Falcón accelerated down the Avenida de Argentina. His tyres squealed on the hot tarmac as he turned into the Jefatura car park. There was a crowd gathered beneath the window from which he'd seen Montes looking out only last week thinking… thinking: has the moment come?

The ambulance lights flashed almost invisibly in the glare of the brutally bleaching light that beat down on the scene in the car park. Women's faces stared out from the dark ground-floor office windows, mouths covered. Men stood at first-floor windows, heads viced in their hands, squeezing out this unnatural image. Falcón pushed through the crowd in time to see the paramedics officially give up on the inert Montes. His shoulder and head looked as if they were buried in dark bloody tarmac soft enough to take this terrible indentation. But Falcón knew from the look of it what that body would reveal on the slab: shattered shoulder, compound fracture of the collarbone, broken neck vertebrae, severed spinal cord, smashed skull, catastrophic brain haemorrhage.

Members of Montes's squad were in the crowd. They were crying. Comisario Elvira came out of the Jefatura and made a carefully designed speech to disperse the crowd. His eyes fell on Falcón. He told him to have photographs taken, the body removed and to make an initial verbal report within the hour. The Juez de Guardia arrived with the Médico Forense.

As the crowd dispersed, Ferrera took three of them off to make witness statements. Falcón told Ramírez to seal off Montes's office. Felipe took the necessary shots. The paramedics removed the body under instruction from the Juez de Guardia. The crime scene cleaners moved in and washed away the blood, which was already congealing in the sun.

As Falcón went up to his office to get a fresh notebook, he had a terrible sense of convergence – Vega, Ortega and now Montes. The homicide squad three men short because of the holiday season. Each death not apparently connected and yet somehow being the precursor of the next.

He found Ferrera, gave her Salvador Ortega's details and told her to speak to someone in the Narcotics squad. A current address was all he wanted. He also told her to check all post offices in the Seville area to see if either Rafael Vega or an Argentinean called Emilio Cruz held a postbox for receiving mail.

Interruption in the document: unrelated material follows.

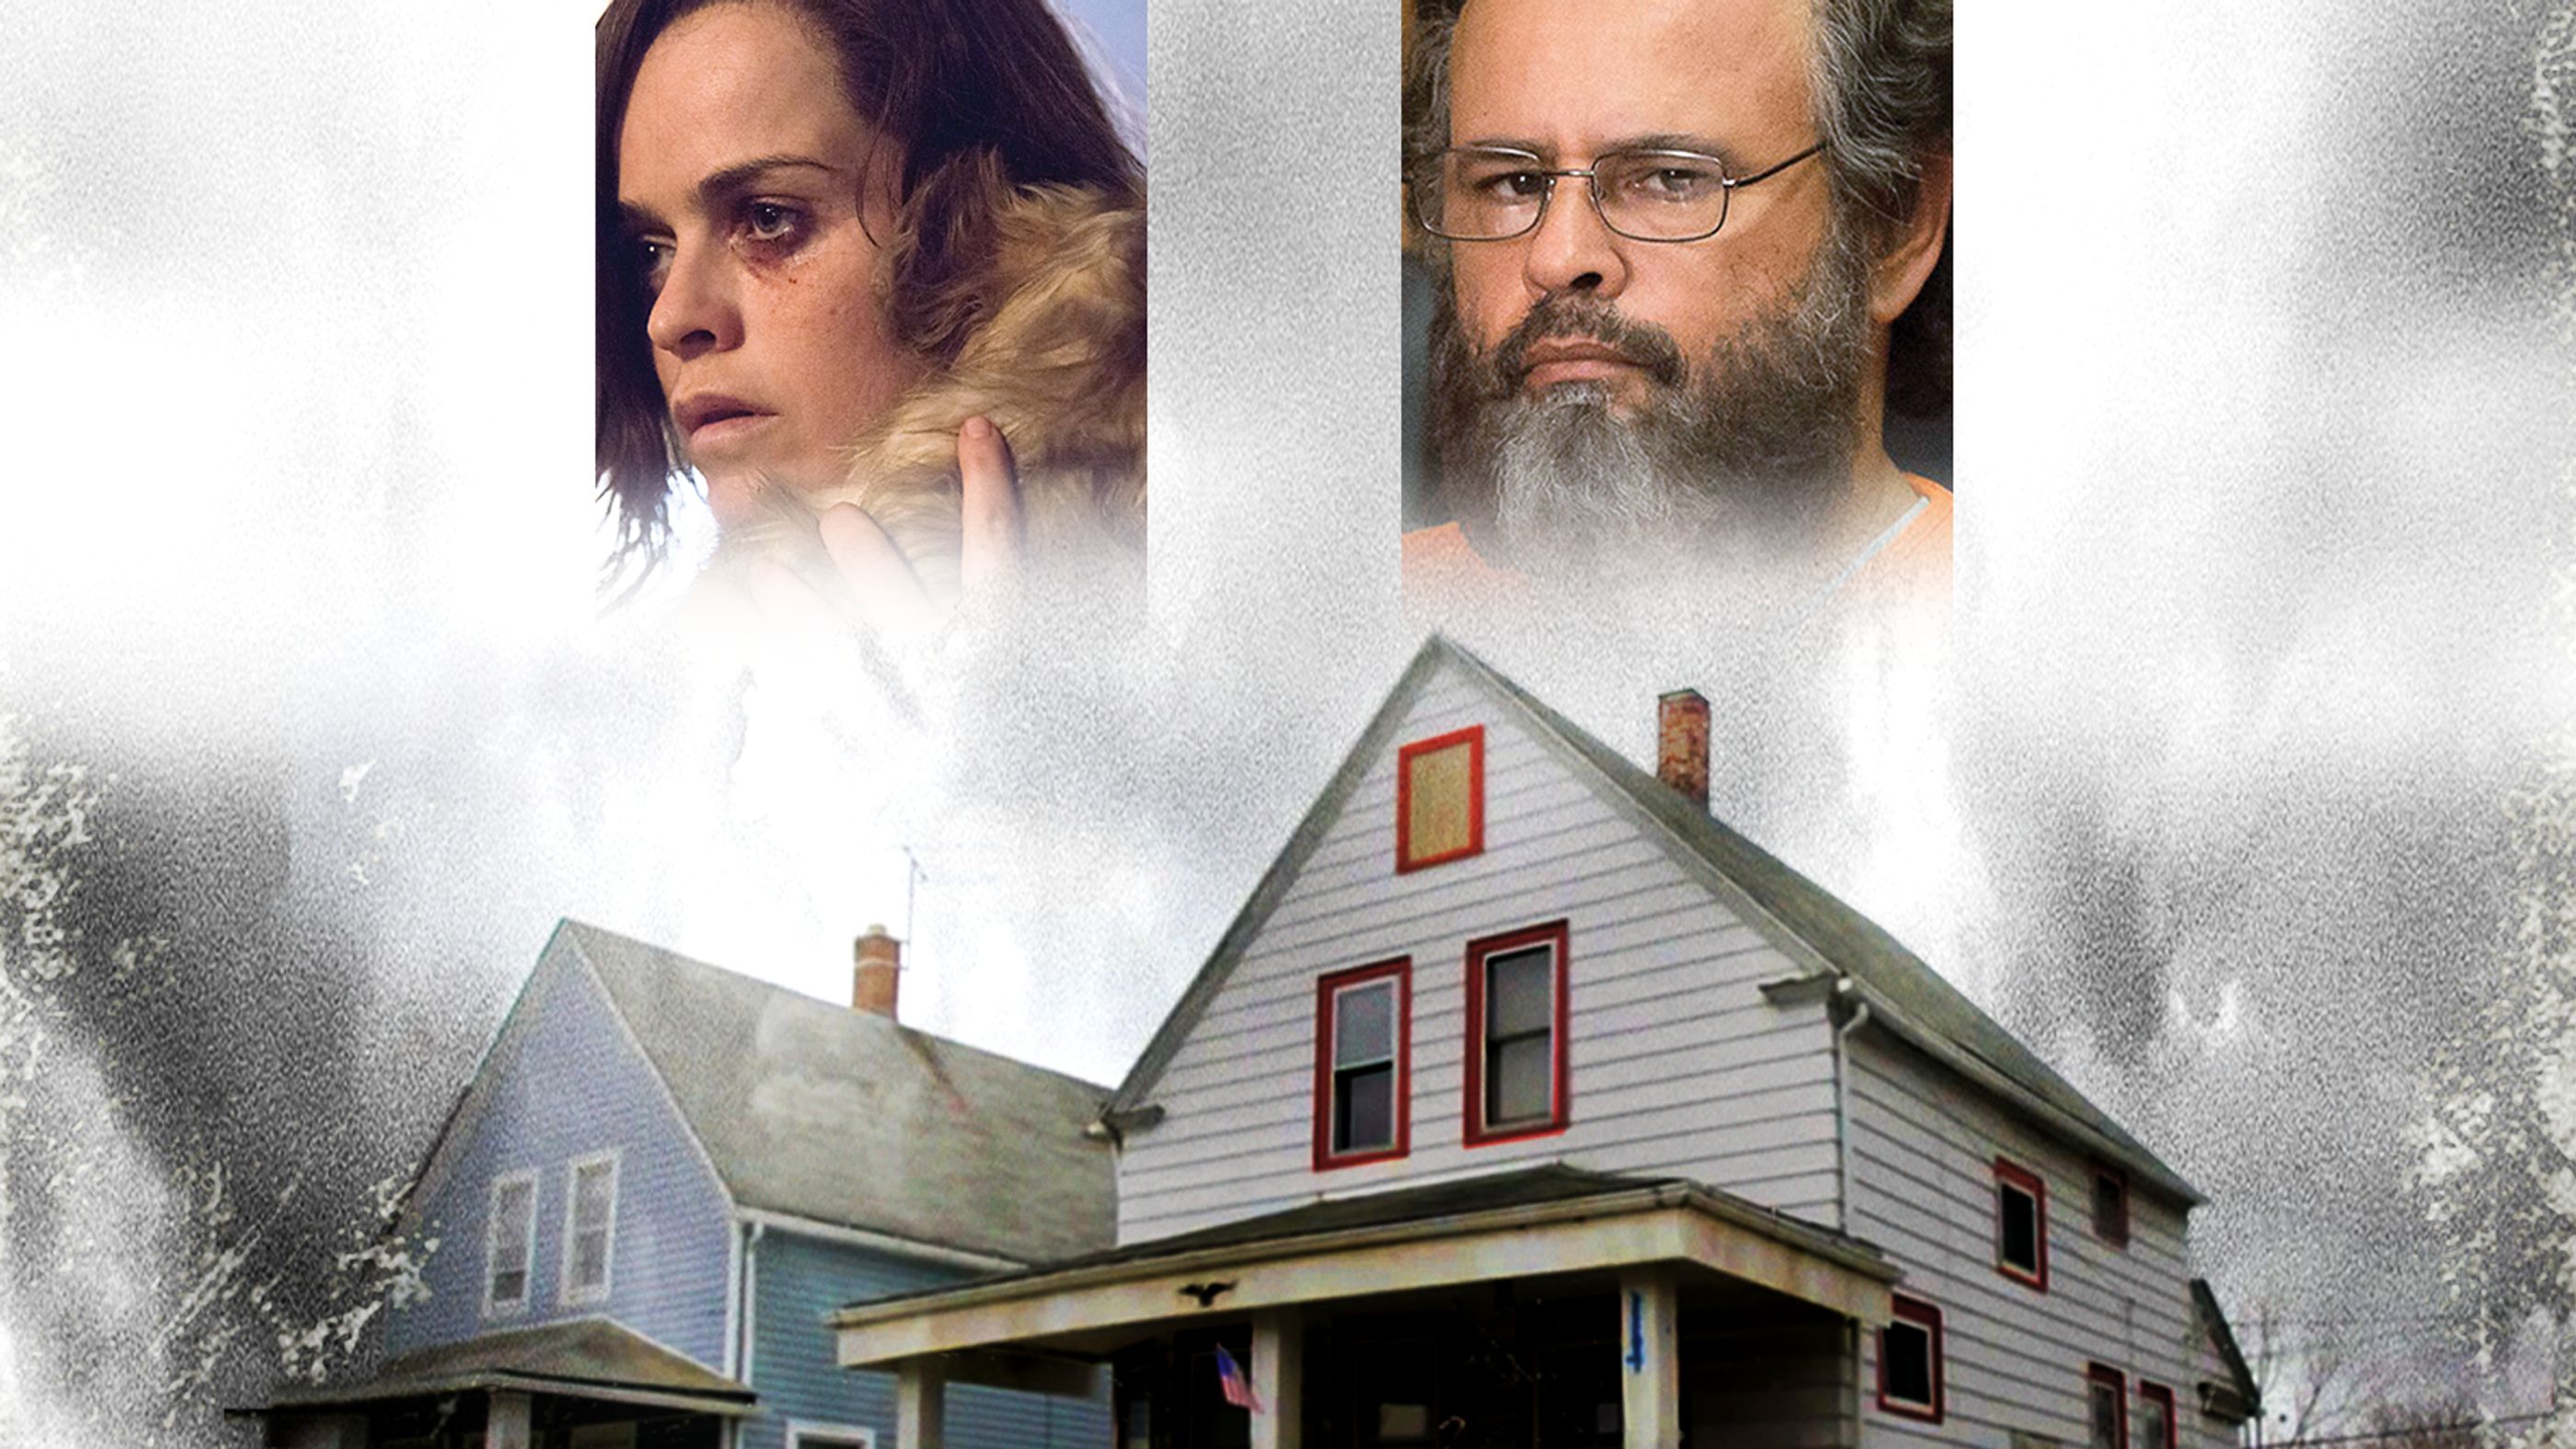 Cleveland Abduction Full Movie Movies Anywhere

'Is this more important than Rafael Vega's key?'

'Did you get anywhere with that?'

'He doesn't have a safe-deposit box in the Banco de Bilbao. That was as far as I got.'

'Work on the key later,' he said. 'It'll take time.'

He picked up his notebook and walked slowly up the stairs to the second floor where Ramírez stood with a master key for Montes's office. The members of GRUME were lined up in the corridor, waiting. Felipe came up from the car park sweating with his camera.

Ramírez opened the door. Felipe took his shots and left. Falcón shut the window. They looked around, sweating, while the air conditioning reasserted itself. On Montes's desk was a sheet of notepaper covered in his handwriting and a sealed envelope addressed to his wife. Falcón and Ramírez moved round to read the writing on the notepaper, which was addressed to 'My Fellow Officers':

It probably seems ridiculous to you that I should have taken my own life so close to retirement. I should have been able to bear the pressure of my job for a little longer, but I could not. This is no reflection on the men and women with whom it has been my honour to work.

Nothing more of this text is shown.